Jakarta - Lebih dari 50 CSO yang terdiri organisasi berbasis komunitas dari seluruh dunia mengirim surat terbuka kepada consumer brand (perusahaan konsumen) hari ini menuntut mereka segera menangguhkan perusahaan minyak sawit terbesar kedua di Indonesia, Astra Agro Lestari (AAL), dari rantai pasokan dan bekerja untuk mengatasi keluhan masyarakat yang terkena dampak.

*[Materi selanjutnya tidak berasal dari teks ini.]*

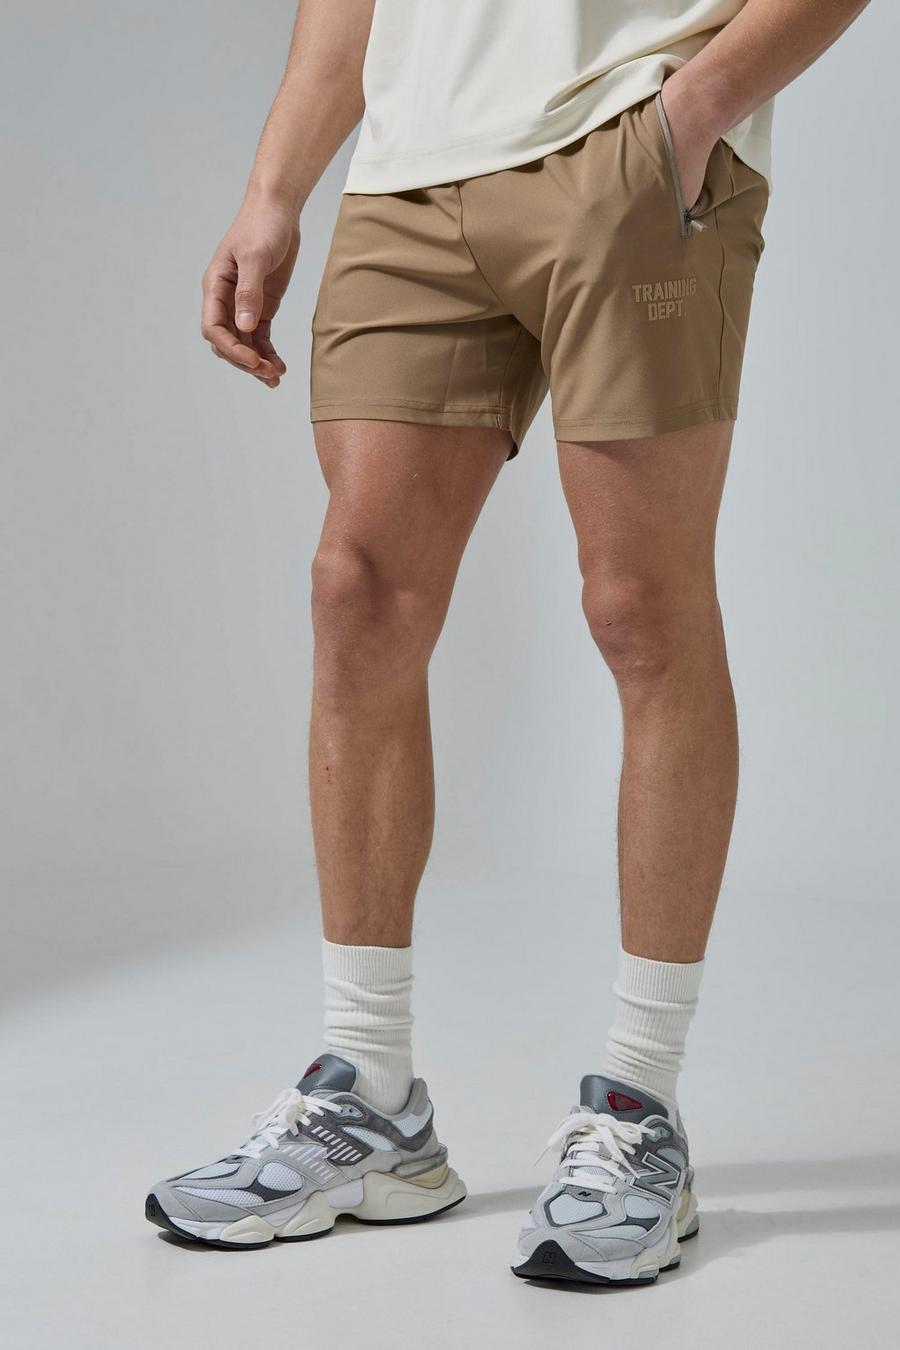 Active Training Dept 5 Inch Shorts, Brown

Surat tersebut ditujukan pada “Forest Positive Coalition” dari Consumer Goods Forum (CGF) – konsorsium merek konsumen ternama dunia menjelang pertemuannya selama New York City Climate Week, di mana perusahaan akan membahas komitmen mereka untuk mengakhiri komoditas yang mendorong deforestasi dan pelanggaran hak asasi manusia.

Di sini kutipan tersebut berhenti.